Sen. Nicholas Scutari (D-Union), the bill’s lead sponsor, called Monday’s signing “a new era of social justice.”
“Today, we’re taking a monumental step forward to reduce racial disparities in our criminal justice system, while building a promising new industry and standing on the right side of history,” Murphy said.
To do that, a new Cannabis Regulatory Commission will now be impaneled with broad oversight powers. It will create and enforce statutes that will govern the state’s marijuana marketplace. Those regulations will be required to be drawn up within six months. The commission will determine the amount of the taxes and fees imposed, while trying to make legal cannabis affordable and preferable over the illicit market. It will decide who will be granted the various licenses required to grow, develop and sell marijuana.
The new law requires that certain minority communities — those that have been most wounded by an ill-conceived and unjust war on drugs — receive preferential treatment with both tax revenue and licenses. They include some of the state’s largest cities, like Newark, New Brunswick and Jersey City as well as smaller ones like Salem City and Bridgeton in South Jersey.
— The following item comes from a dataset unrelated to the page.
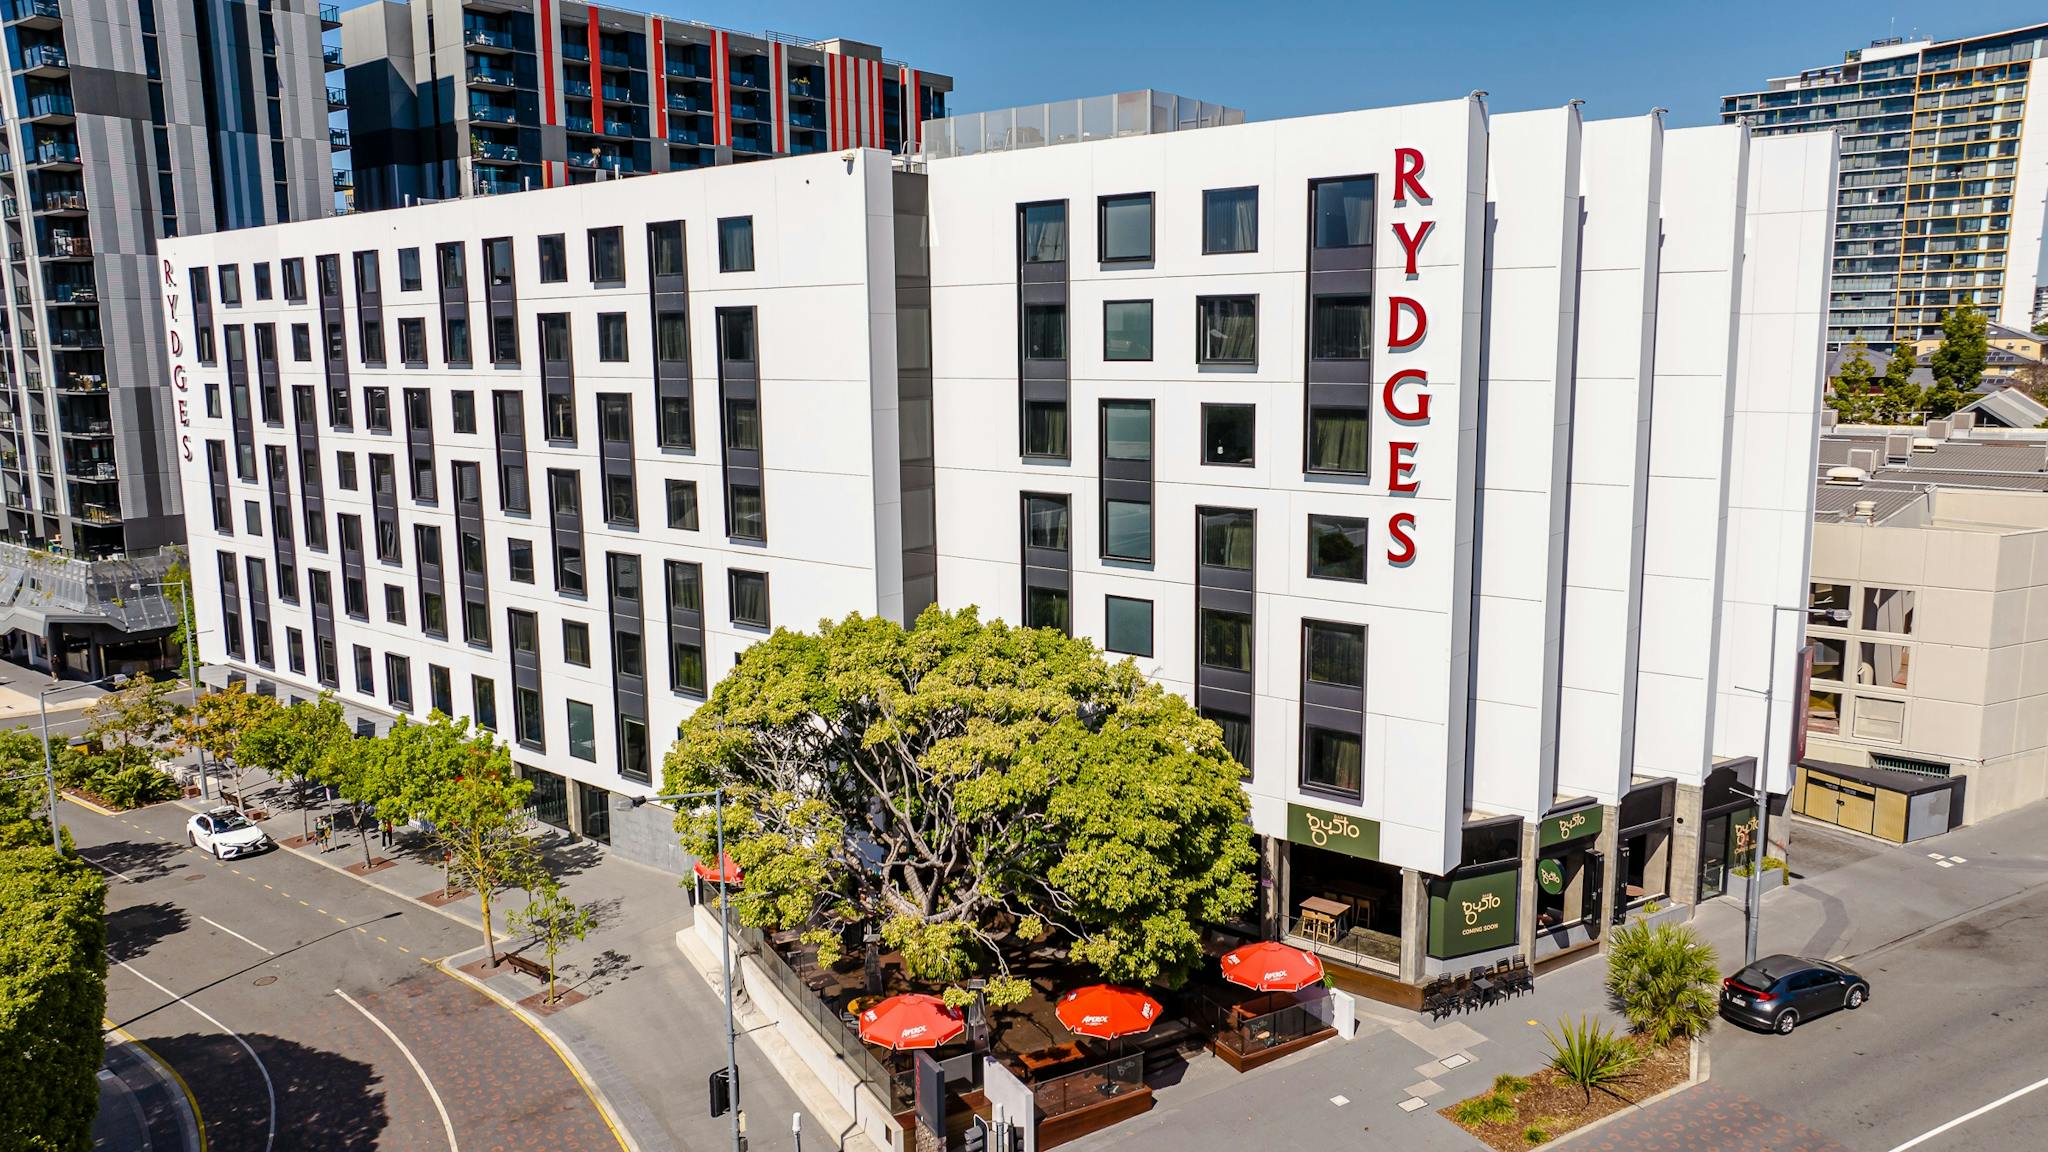 Rydges Fortitude Valley exterior

But the commission will have to avoid the fate of the current medical marijuana industry, which is predominately run by large, white, out-of-state, vertically integrated corporations that charge twice the price of the black market.
The new law hopes to avoid that fate by eventually issuing “micro-permits” intended to provide opportunities for hundreds, if not thousands, of small businesses to participate in the industry.